The 10 most used words in Twitter dataset:
The 10 most used words in Blogs dataset:
The 10 most used words in News dataset:
As we can see, most of the top 10 words are actually pretty much the same.
The similar words in Twitter and Blogs are:
## [1] "the" "to" "a" "and" "for" "in" "is" "of"
The similar words in Twitter and News are:
## [1] "the" "to" "i" "a" "and" "in" "is" "of"
The similar words in Blogs and News are:
## [1] "the" "to" "and" "a" "of" "in" "that" "is"
And, the similar words in all sets are:
## [1] "the" "to" "a" "and" "in" "is" "of"
Here its interesting to note 7 out of 10 most used words are same in all three datasets.
Now, lets observe how the 2-Grams and 3-Grams in Twitter data set looks like.
2-Gram
3-Gram
We can even find data for 2 to N-Grams.
BigramTokenizer <- function(x) NGramTokenizer(x, Weka_control(min = 2, max = 10))
tdm.bigram = TermDocumentMatrix(twitter.cleaned,
control = list(tokenize = BigramTokenizer))
t.twitter <- as.data.frame(head(sort(slam::row_sums(tdm.bigram), decreasing = TRUE), 20))

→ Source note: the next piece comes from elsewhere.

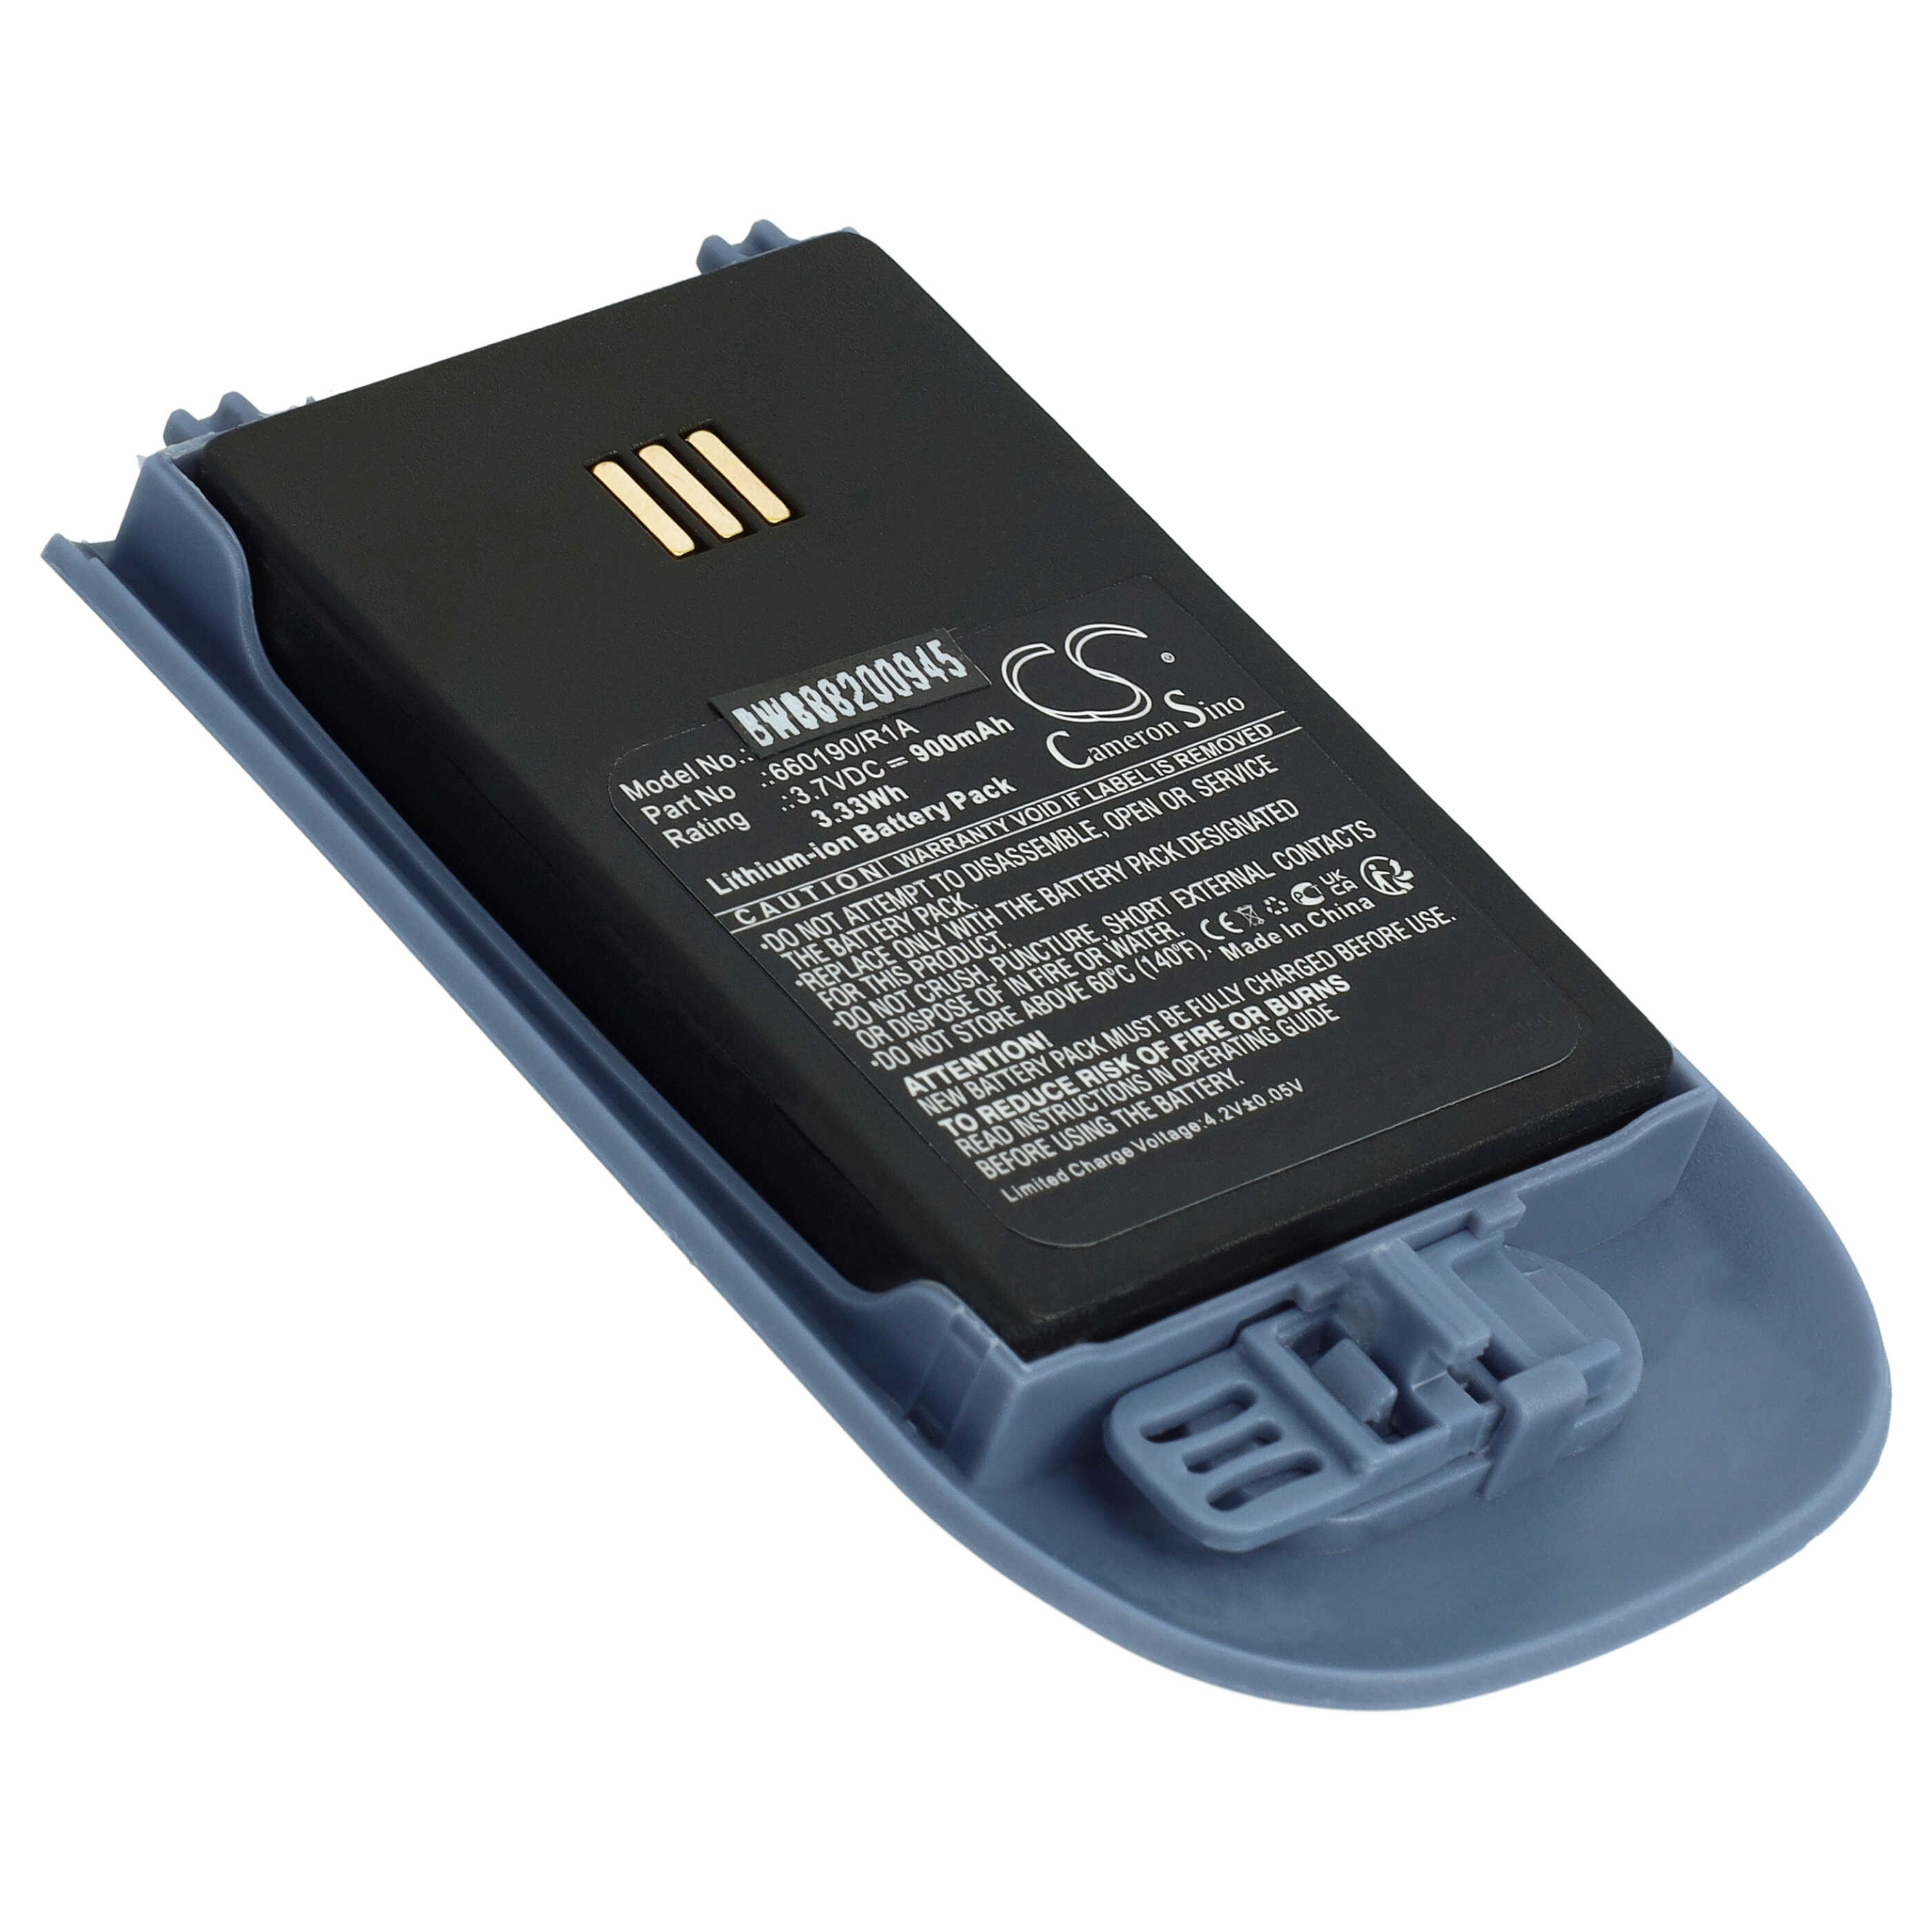 Batterie remplace Alcatel 3BN78404AA, WH1-EABA/1A1, 0480468 pour téléphone - 900mAh 3,7V Li-ion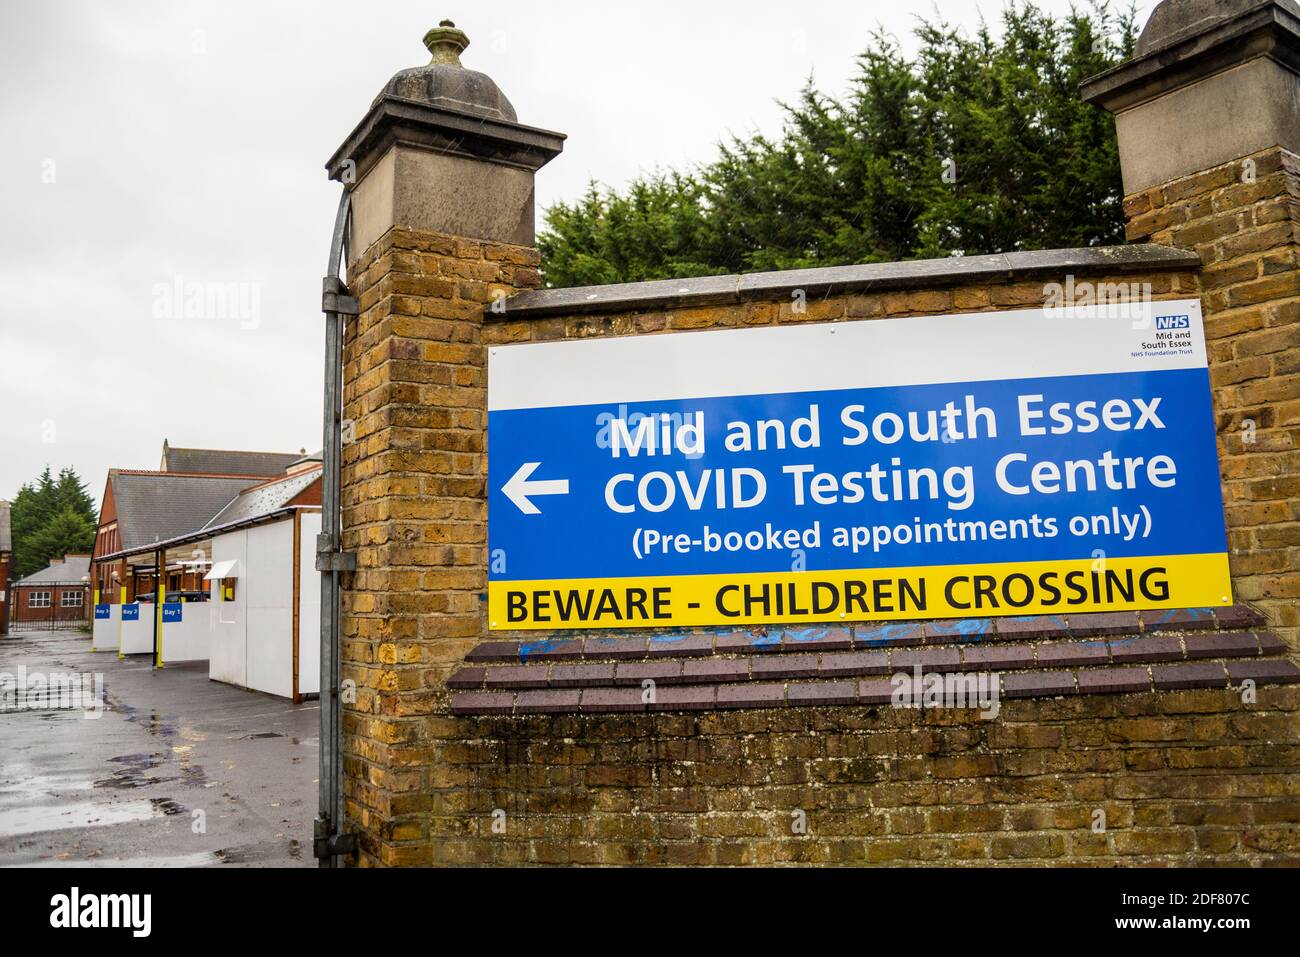 Covid 19 Testzentrum. Mid and South Essex NHS Covid Testing Center in Southend on Sea, Essex, Großbritannien. Nur vorgebuchte Termine, unterschreiben. Gemeinschaft Stockfoto

t2.twitter <- data.frame("y" = t.twitter[,1], "x" = row.names(t.twitter))
p<-ggplot(data=t2.twitter, aes(x=x, y=y)) +
geom_bar(stat="identity") + theme(axis.text.x = element_text(angle = 60, hjust = 1))
p
From the N-Grams created we can get an idea of how to predict the texts. The 2-Grams and 3-Grams can be used to predict subsequent words and 1-Gram can be used to predict most frequent words.
Other than this some more advanced features such as stemming and tagging can be utilized.